== PROBLEM ==
Repeat exactly the lines of the records below, starting at the line containing "MoroccanOil Hydrating Shampoo 16.9 oz" and ending at the line containing "Sweetcrispy Ergonomic Executive". Leave the pictures out.

(RECORD SET Opens)

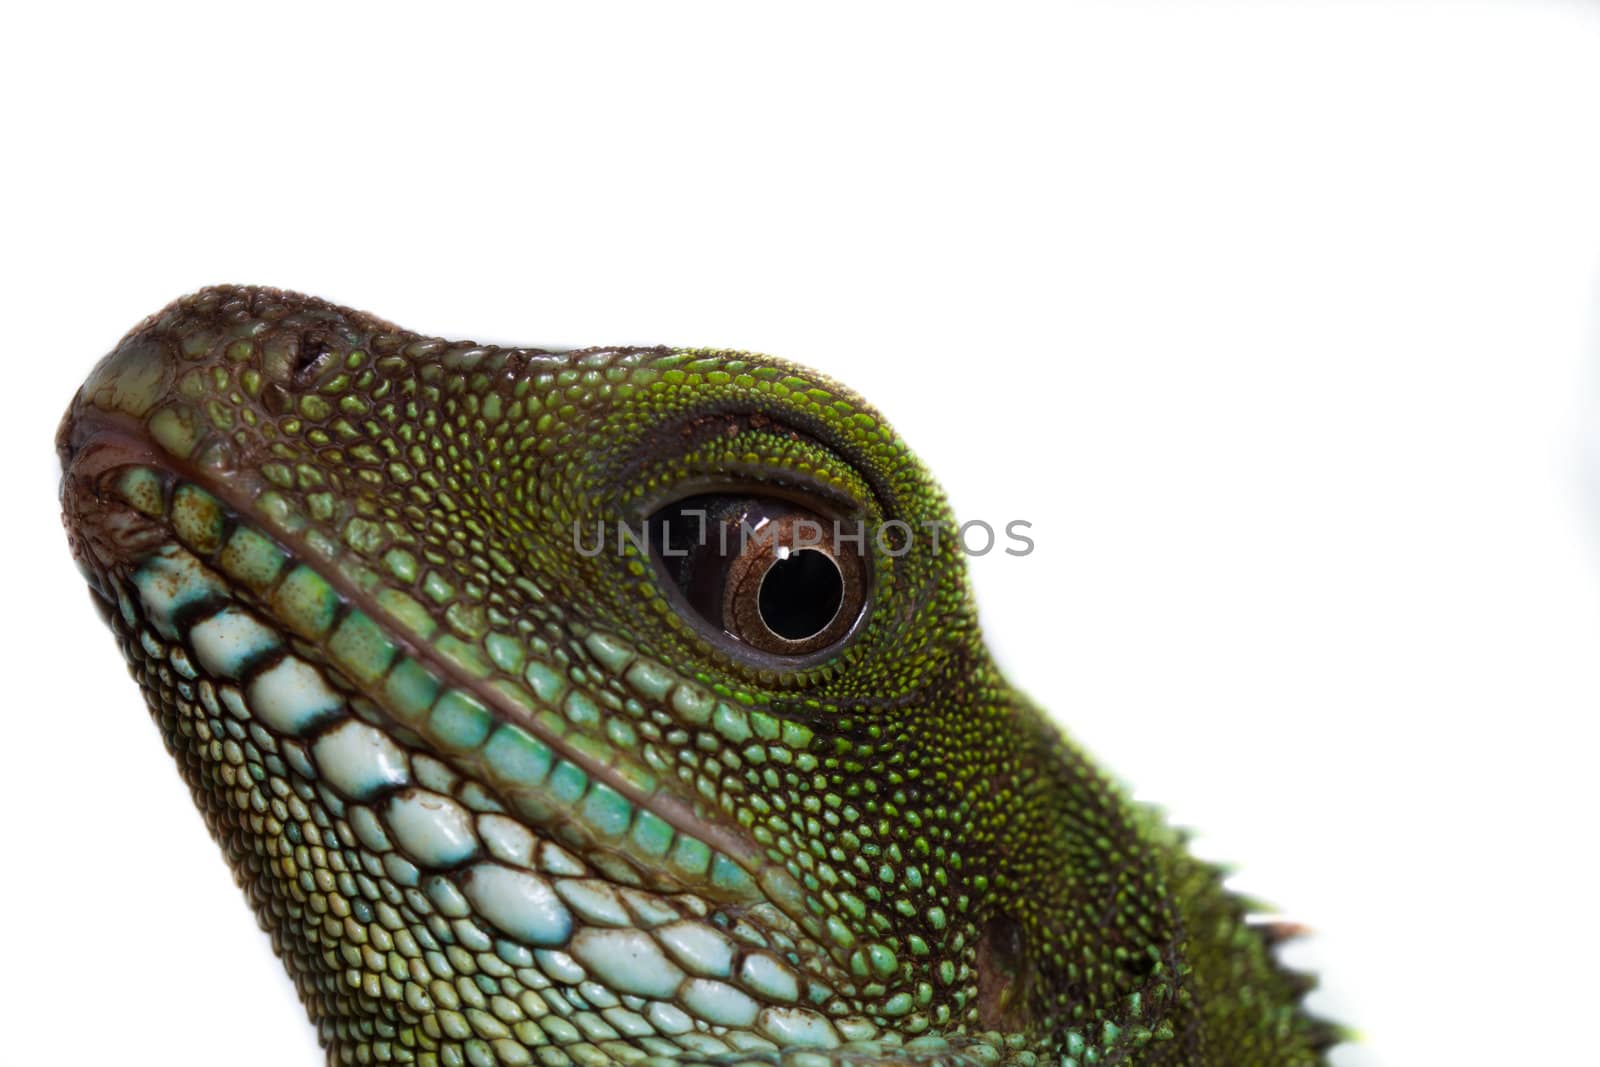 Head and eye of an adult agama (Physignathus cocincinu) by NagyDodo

(RECORD SET Closes)
(RECORD SET Opens)

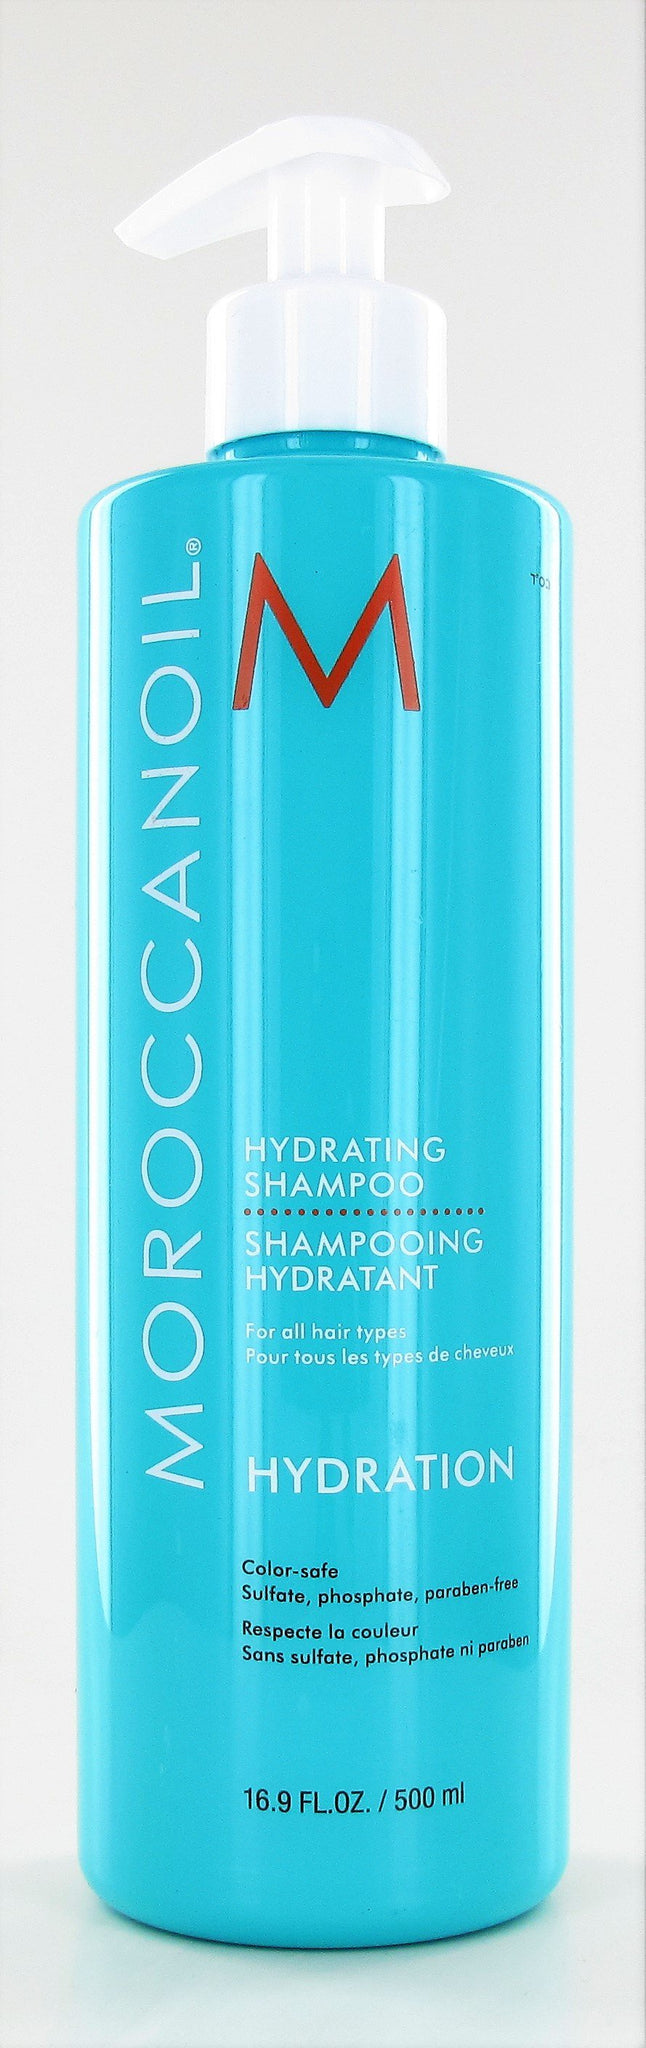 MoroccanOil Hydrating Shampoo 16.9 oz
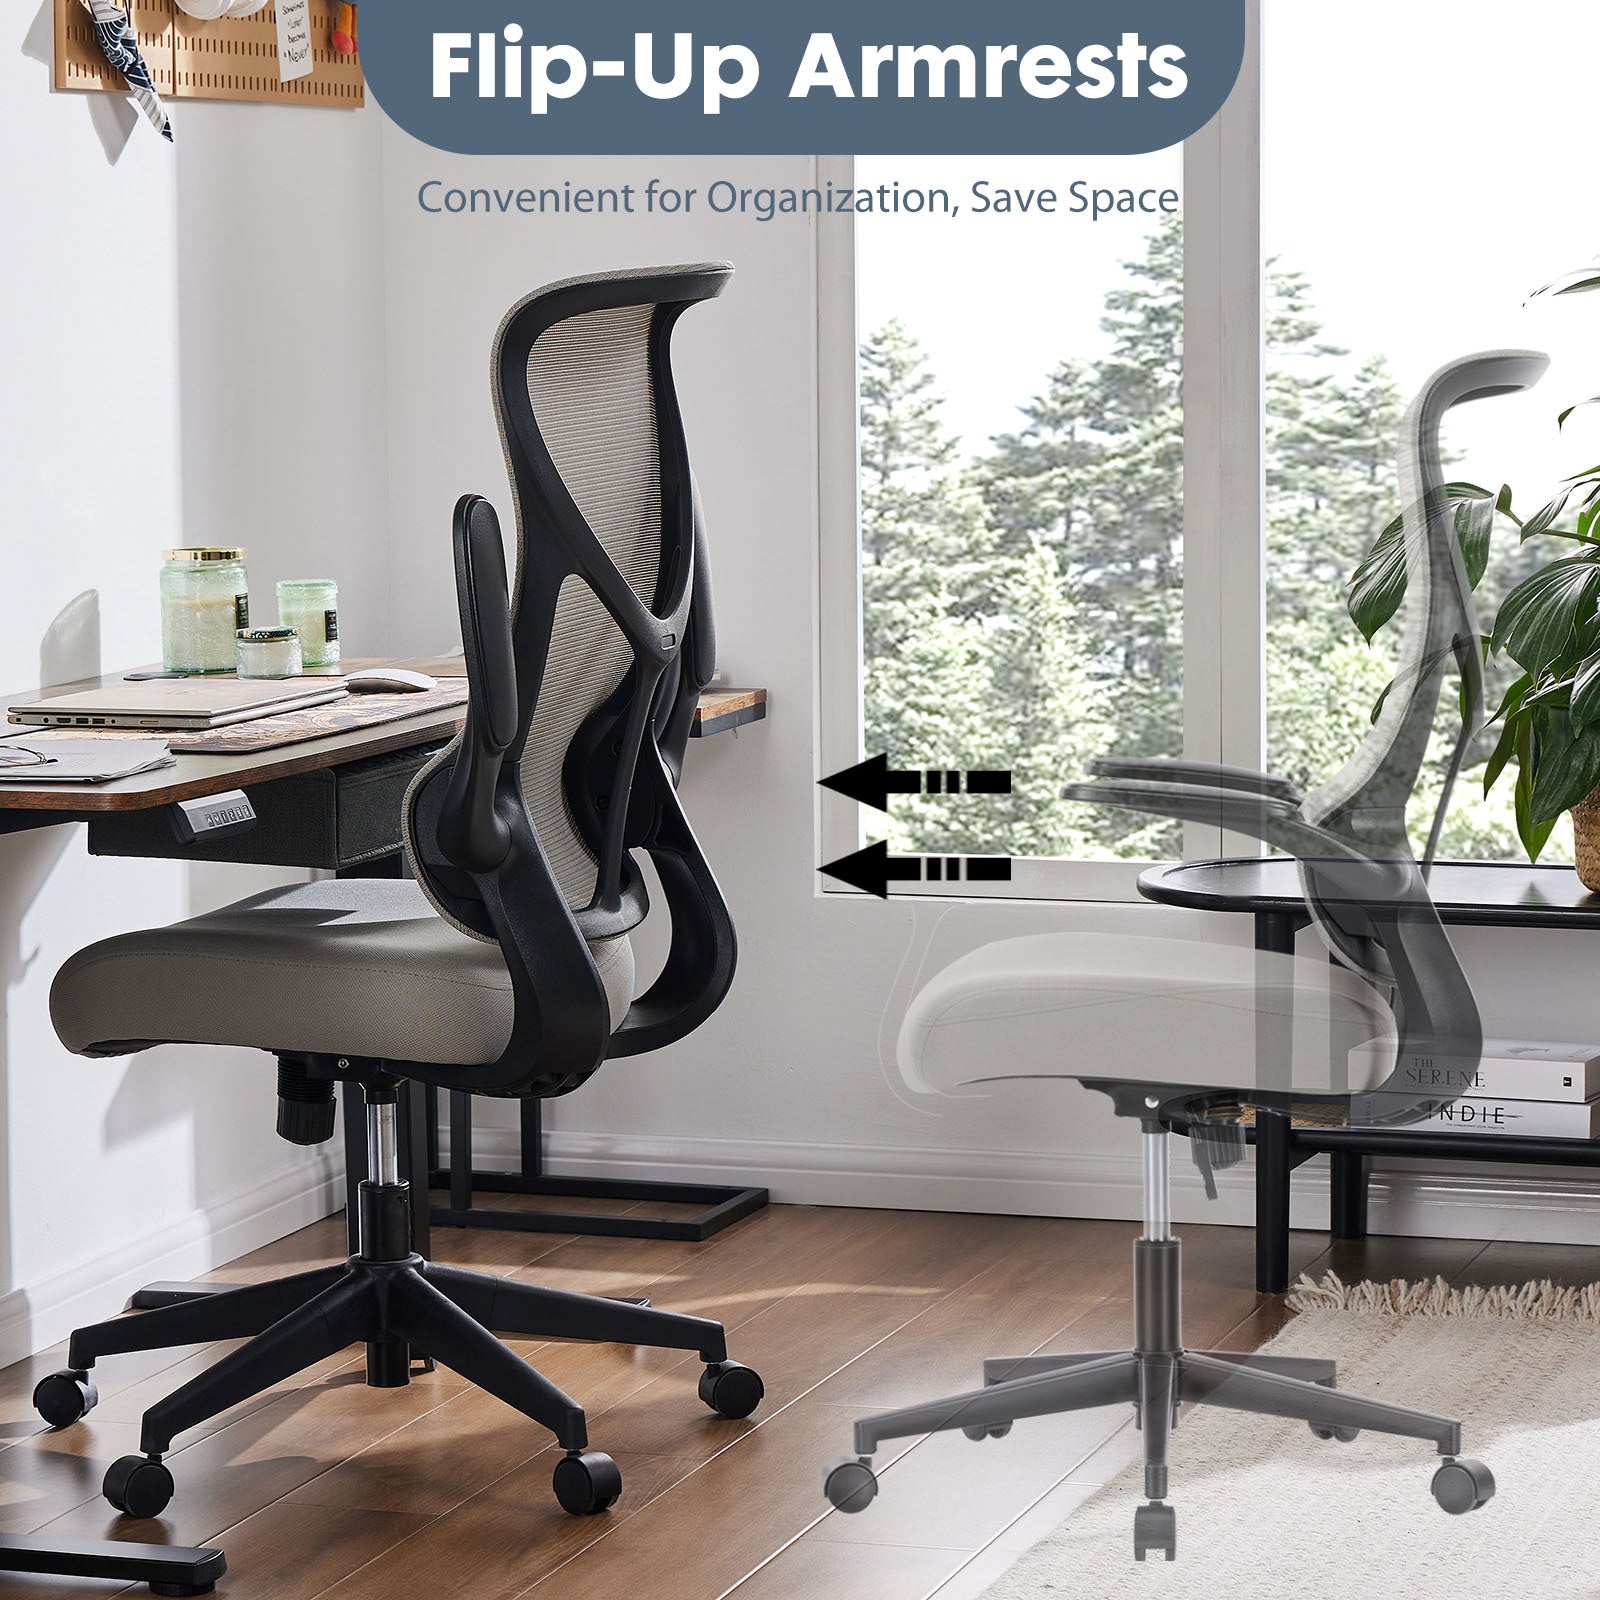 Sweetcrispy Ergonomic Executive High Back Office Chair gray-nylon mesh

(RECORD SET Closes)

== THE ANSWER ==
 MoroccanOil Hydrating Shampoo 16.9 oz
 Sweetcrispy Ergonomic Executive High Back Office Chair gray-nylon mesh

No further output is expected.